Sihl – Brief

Sihl – Brief



Only forty centimeters deep, the clear water of the Sihl rushes northwards over a rocky river bed. Dog walkers and cyclists drift past the reeds, alders, beeches that line the lush banks of this natural idyll in the centre of the city. Less than a kilometer to the east another river flows from Lake Zurich through the city between precisely constructed stone embankments. Ferries run along the Limmat while bridges connect the banks, sometimes so wide as to become a market square over water. Between the soft wetlands of the Sihl and the engineered urbanity of the Limmat the Schanzengraben cuts a deep moat retracing the last defensive geometry of the once fortified city.

Yet despite appearances, it is the Sihl, more than the Limmat that is the product of human design and construction. The path of the Sihl through the city has been made and remade many times over the centuries to suit differing human requirements providing power to industry and transport for goods and materials and, perhaps most importantly, as a means of controlling the natural flooding caused by overflows of the river delta that flowed into Lake Zurich. Zurich’s central street pattern can be read as a great network of drainage channels to protect the city from the glacial flooding that still threatens the city centre. The Limmat sustains a dignified urban presence in the city along the natural path set by ancient geological deposits.

Despite all the human intervention both recent and ancient, the Sihl is neglected, making a faltering passage through the city associated with being without the walls, i.e. outside the city proper, literally in the medieval city and maybe more psychologically in modern times.

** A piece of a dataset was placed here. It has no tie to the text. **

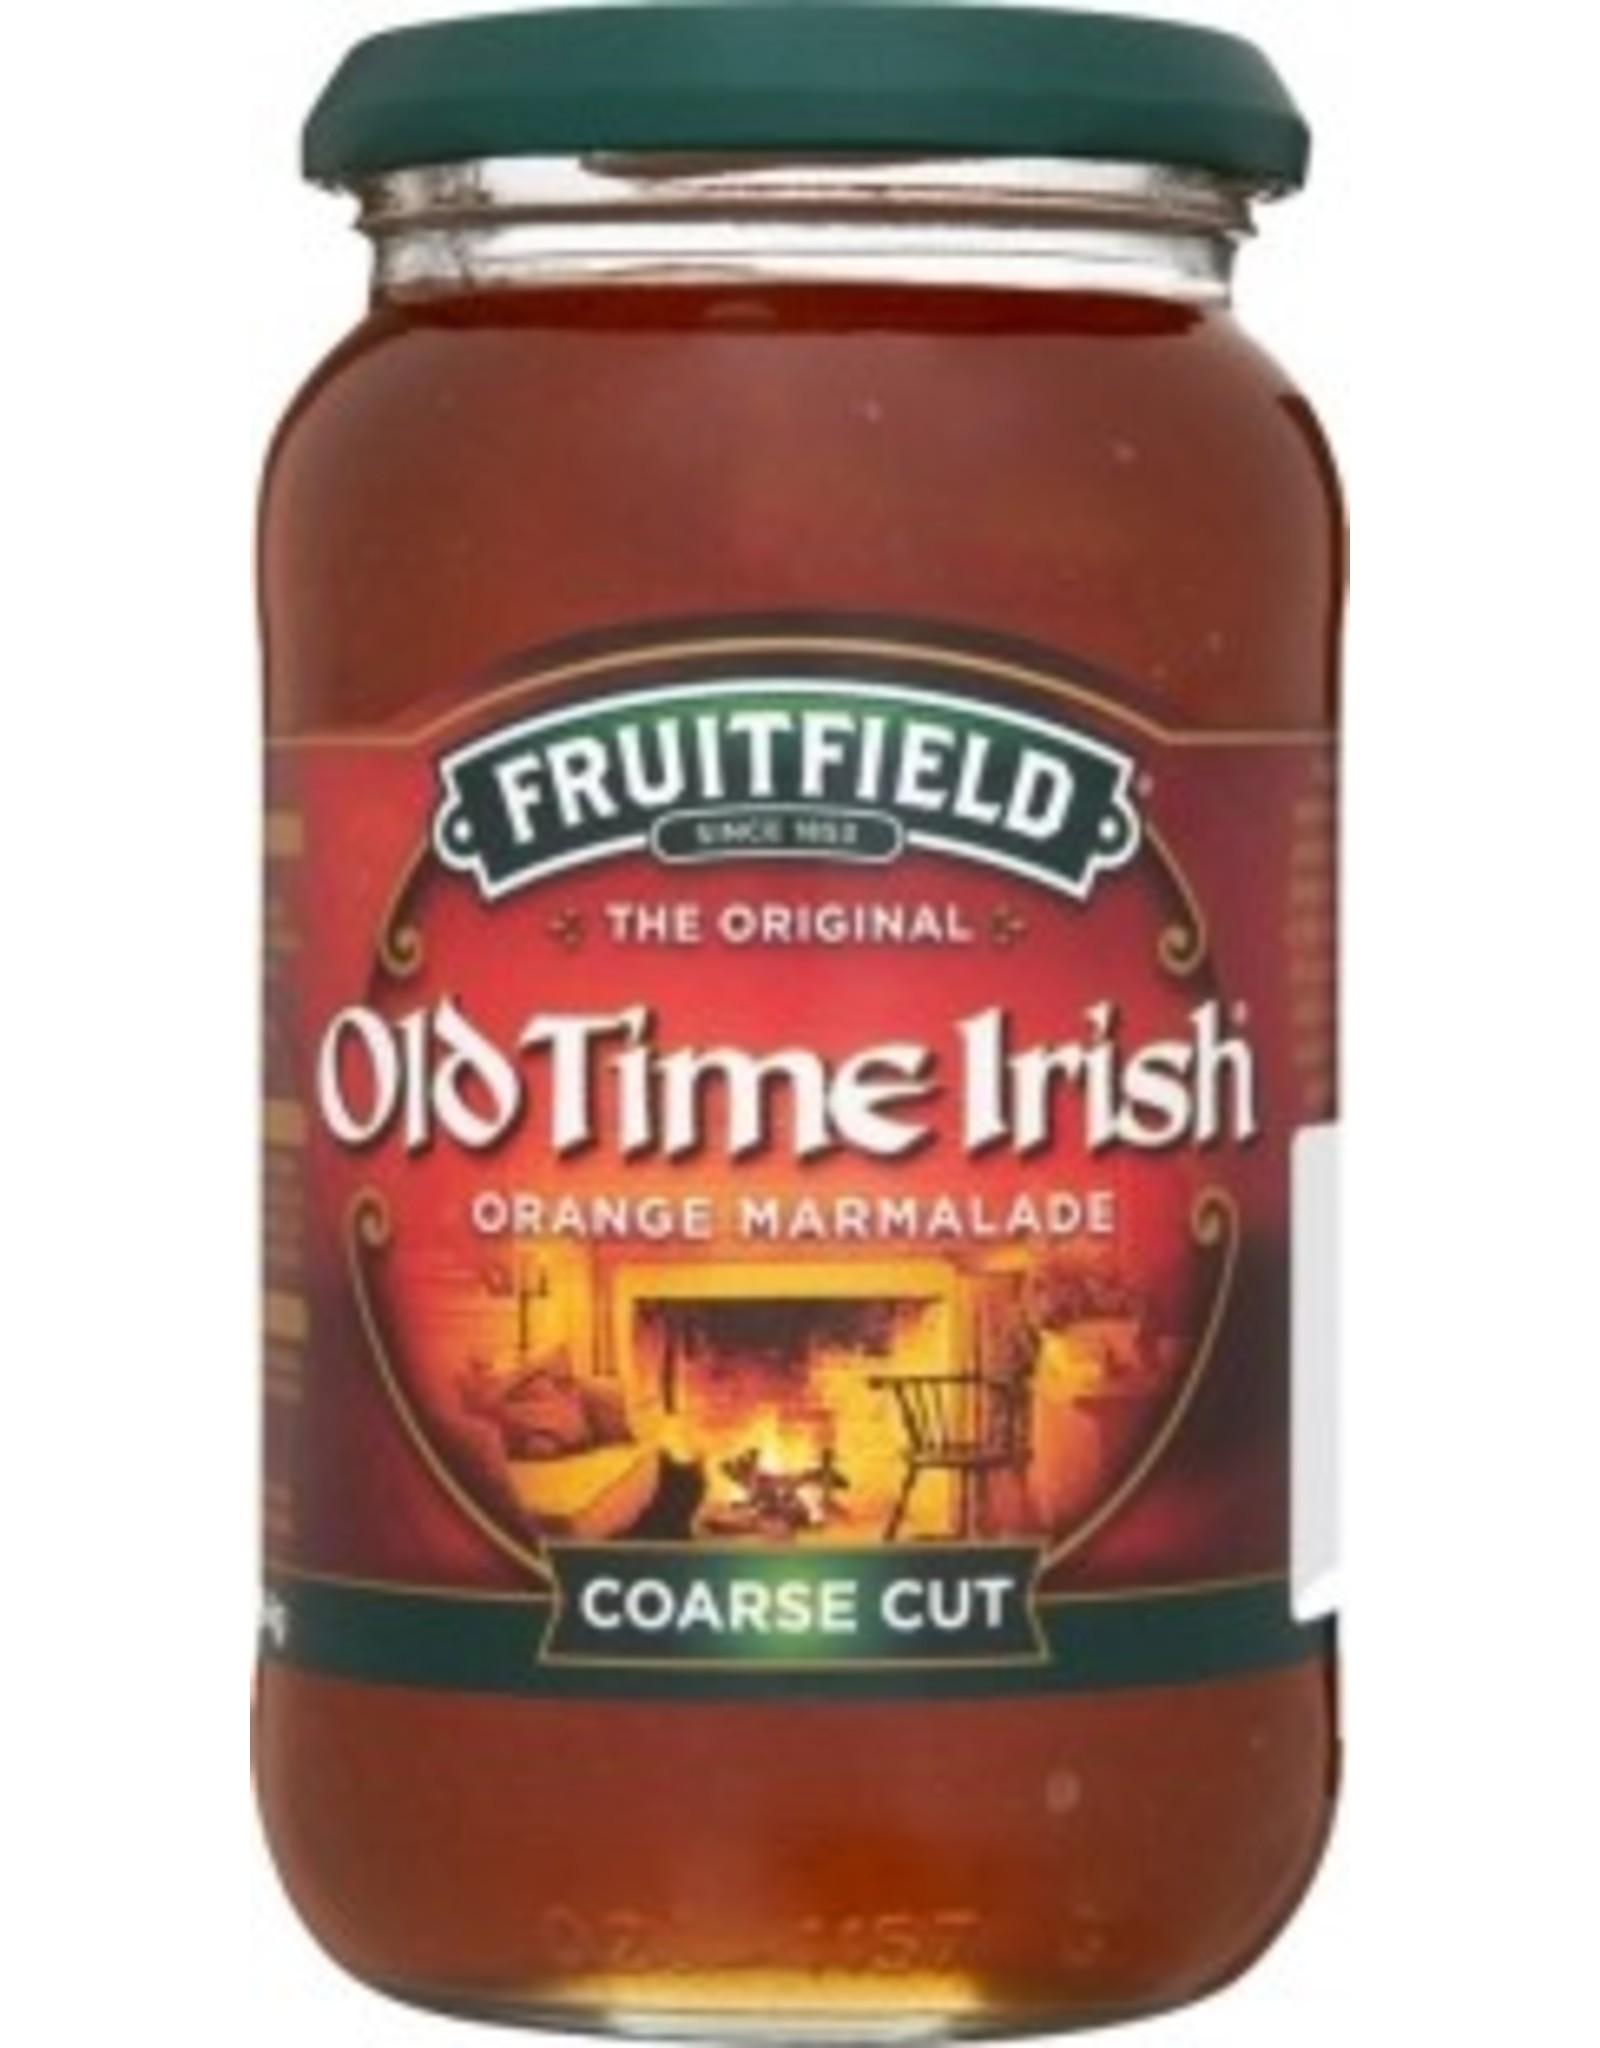 Fruitfield Fruitfield Old Time Irish Coarse Marmalade

This is not to say that the Sihl is without qualities. As it winds through the city it has moments of beauty (Sihlhölzli), or surreal juxtaposition below the underbelly of infrastructure (Enge to Wiedikon) or simply laconic indeterminacy in between.

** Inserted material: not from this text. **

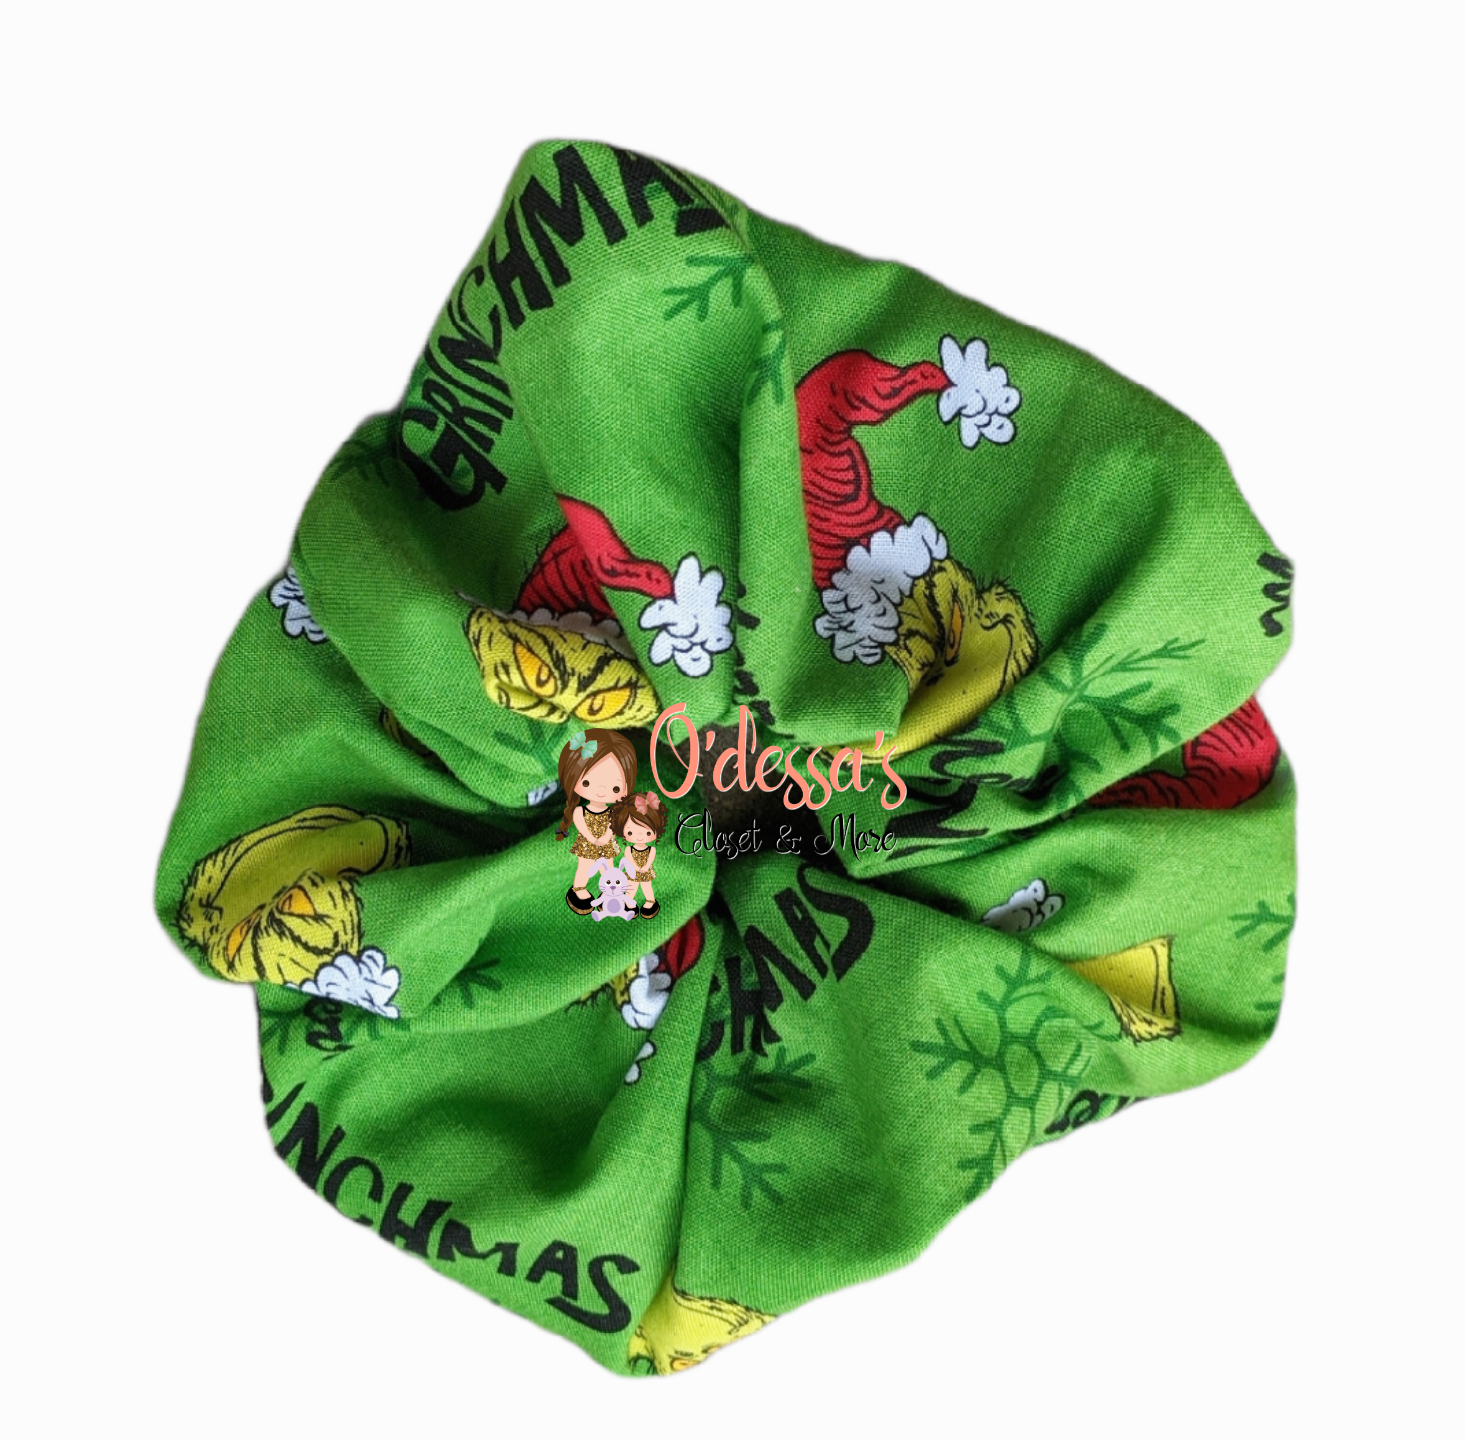 Christmas Scrunchies- Green Monster Whoville Scrunchies - G. Monster Toss

Theme A invites you to reconsider the potential of the Sihl to enrich the territories and spaces it traverses. It can be considered as a linear public space whose urban and ecological character could enhance the city it passes. On the other hand, it could be considered as a series of cross sections with specific spatial and programmatic properties on each side connected by the river banks. More radically but not without precedent (you only need to look at the Romans, 19th century engineers or 70’s utopians) the design task may be the river itself as a single artefact.

The Sihl is a piece of landscape infrastructure which is both singular and a sequence of changing conditions creating rooms in the city. The dam at Sihlsee manages the flow of water along its length but the river banks are not continuous. The task can consider the totality of the urban Sihl and its embankments, a continuous public space extending from Letten to Sihl City and beyond. On the other hand, the project may be more restricted to specific places across the river where the city would benefit from greater connectivity across the banks.

Whether redesigning the riverbank, a bridge or densifying the city with new land, the project always remains a negotiation between the forces (and danger) of hydrology and the spatial structure of the city. But this is not a question simply of more development, but of potential to radically alter the identity of the city around its neglected river.

The Sihl is an opportunity for students working in urban design, landscape design, architecture or construction to engage the architectural imagination with the broader idea of the city from hydro engineering to a poetic derive.